Oh wie schön ist Panama… - Medizinische Universität Graz

Oh wie schön ist Panama…
Sommer 2010 - Fächergruppen 1+3
Der Sommer 2010 – meine letzten großen Ferien – nahte in Riesenschritten, und ich
wollte diese drei Monate für eine große Reise nützen. Als mein Wunschziel hatte ich
Panama ausgesucht.
Im Jahr zuvor hatte ich schon eine Famulatur in Taiwan über das
Austauschprogramm der Meduni Graz gemacht. Damals hatte alles reibungslos
funktioniert, viele organisatorische Dinge wurden uns von der Uni abgenommen. Die
Meduni Graz hat aber leider kein Abkommen mit Universitäten in Panama, so musste
ich die Organisation selbst in die Hand nehmen. Auf die vielen und komplizierten
bürokratischen Anforderungen sowohl von Panama als auch von Graz war ich nicht
vorbereitet, die Sache stellte sich doch als wesentlich komplizierter heraus als zuvor
angenommen. Mit etwas Glück, viel Geduld und der Hilfe meiner Verwandten in
Panama bekam ich den Voranrechnungsbescheid doch noch im Juni, zwei Wochen
vor meiner Abreise. An dieser Stelle möchte ich empfehlen, mit der Organisation
einer Auslandsfamulatur (sofern sie nicht über das Meduni oder AMSA – Programm
geht) möglichst frühzeitig zu beginnen, bei mir hat sich die ganze Sache insgesamt
über 7 Monate hingezogen..
Den Flug habe ich schon ein halbes Jahr vor Abflug gebucht, um 1000 Euro, wenn
man nicht in den Sommermonaten fliegt, bekommt man auch günstigere Tarife.
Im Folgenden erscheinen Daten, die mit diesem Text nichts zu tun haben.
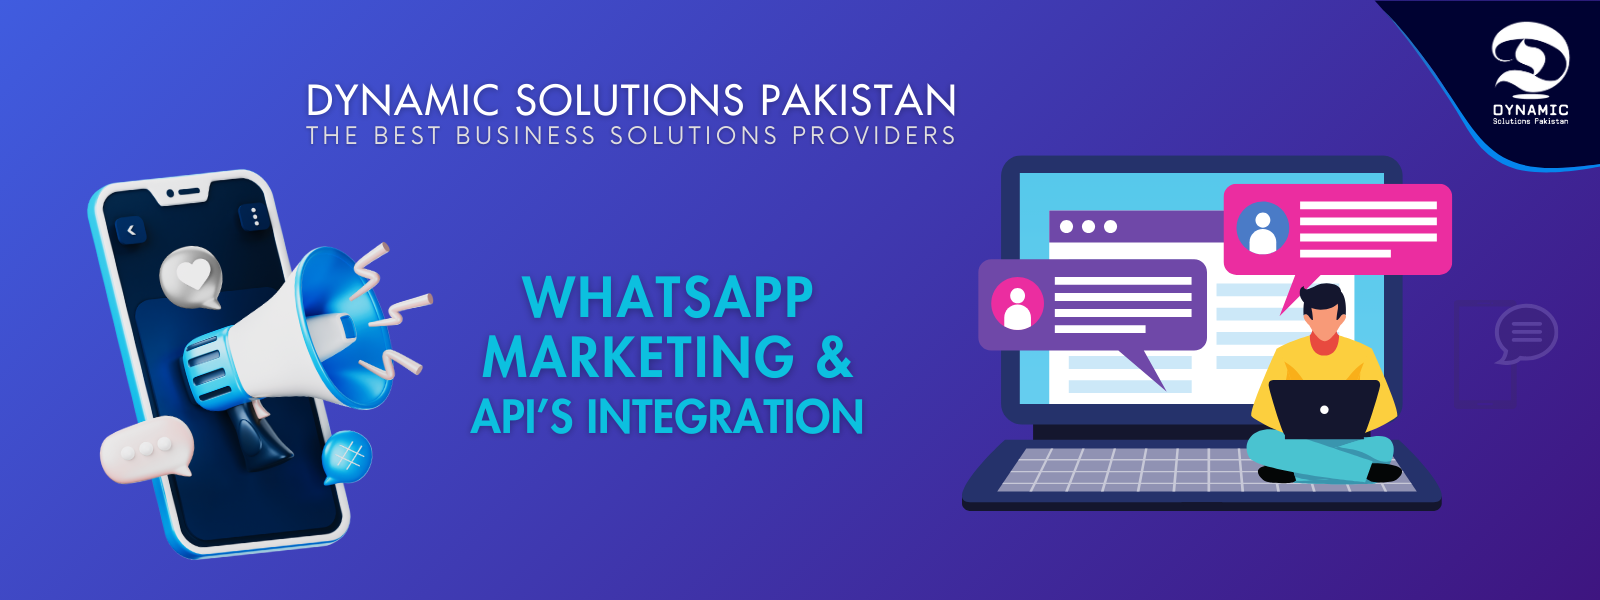 WhatsApp Marketing & Api's Integration
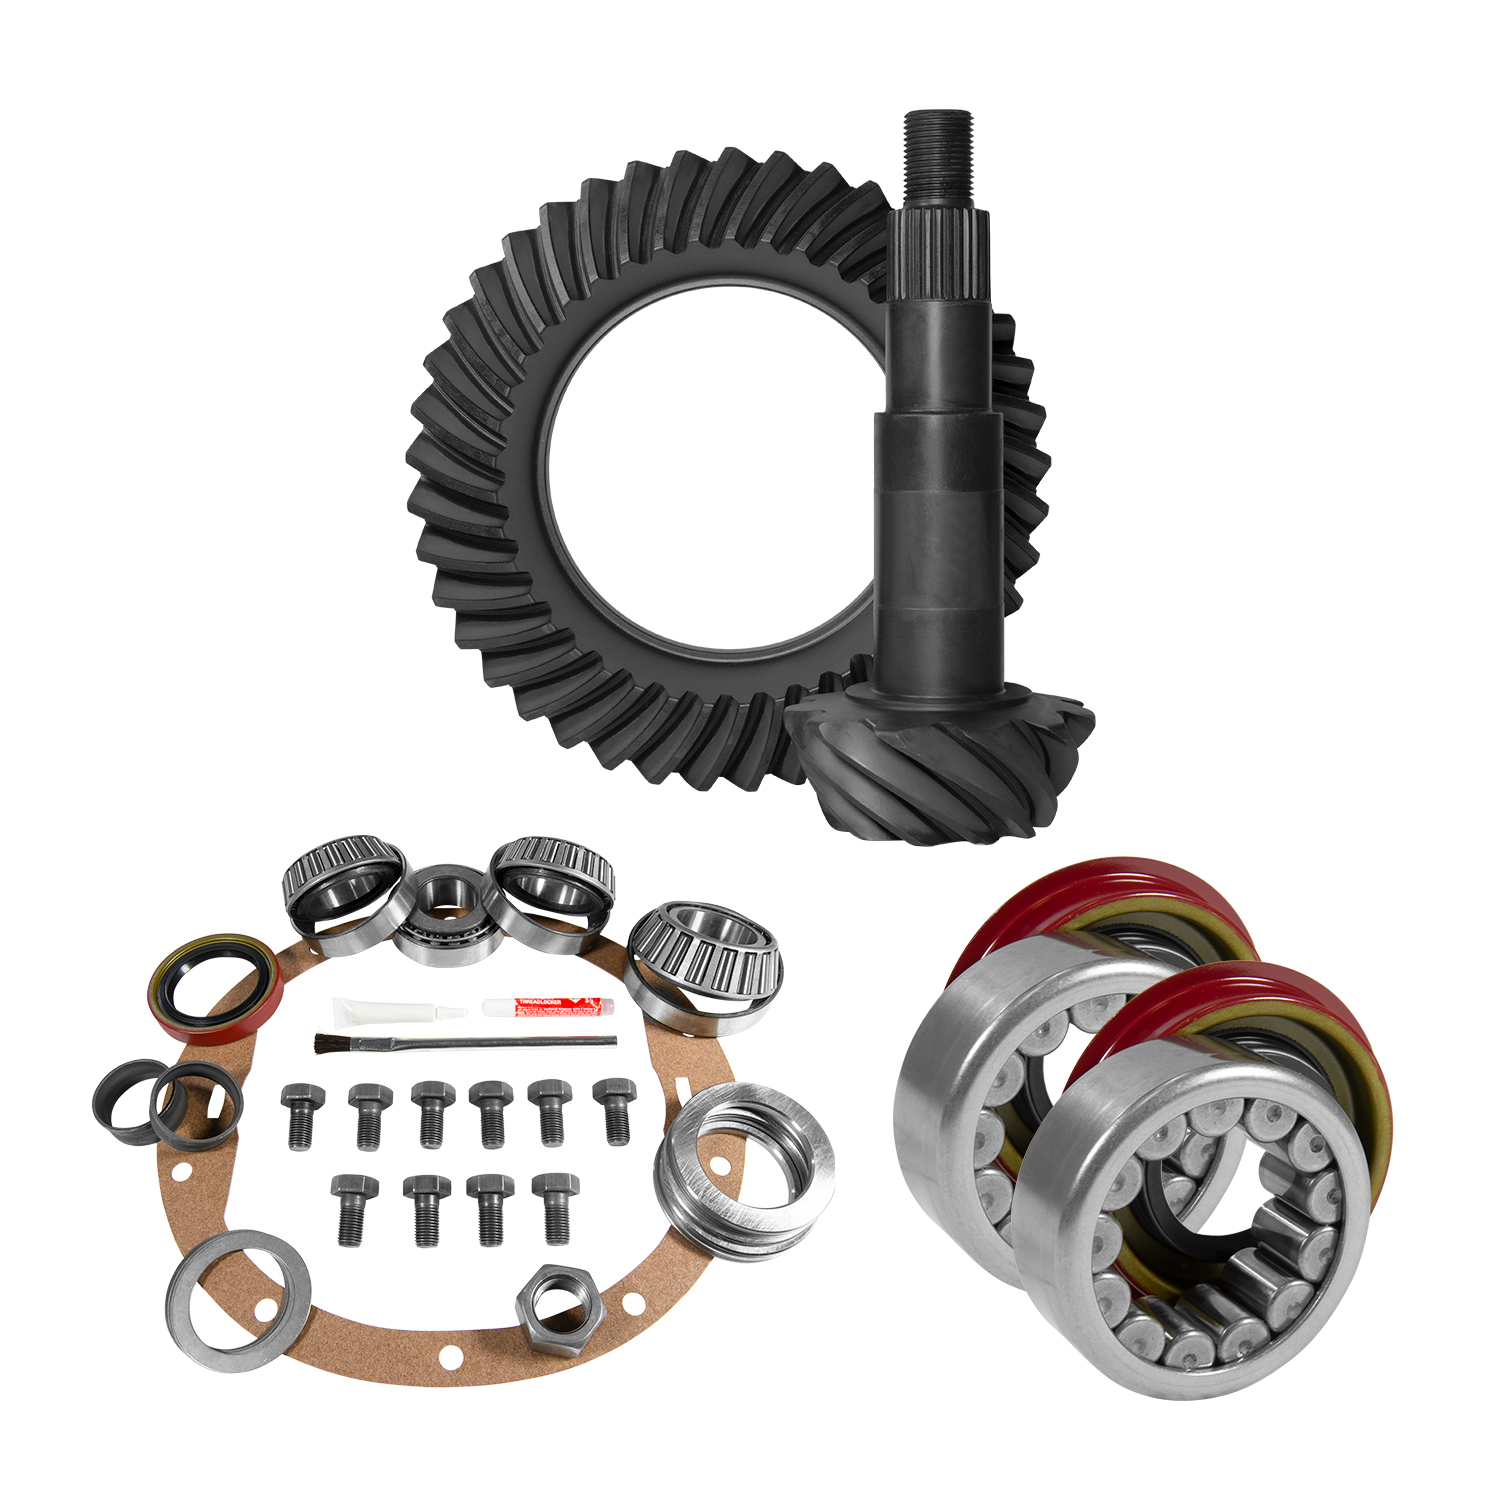 8.5" GM 3.73 Rear Ring & Pinion, Install Kit, Axle Bearings, 1.625" Case Journal

Empfehlenswert ist die Direktverbindung Amsterdam-Panama, vor allem weil man
sich damit die verrückten Transit-bestimmungen von den USA erspart.. Visum
braucht man als Österreichischer Tourist nur, wenn man länger als 6 Monate im Land
bleibt (neue Regelung seit Juli 2010).
An Impfungen ist für Panama Hepatitis B, Typhus, Tetanus und eventuell Gelbfieber
zu empfehlen. Malarone habe ich mitgehabt, Prophylaxe habe ich aber keine
eingenommen.
Ich habe keine speziellen Reiseversicherungen abgeschlossen, da ich über
Alpenverein und private Unfallversicherung recht gut versorgt war. Das Krankenhaus
in Panama hat aber eine Auslandskrankenversicherung verlangt, die ich auch
schon vor Beginn der Reise vorweisen musste.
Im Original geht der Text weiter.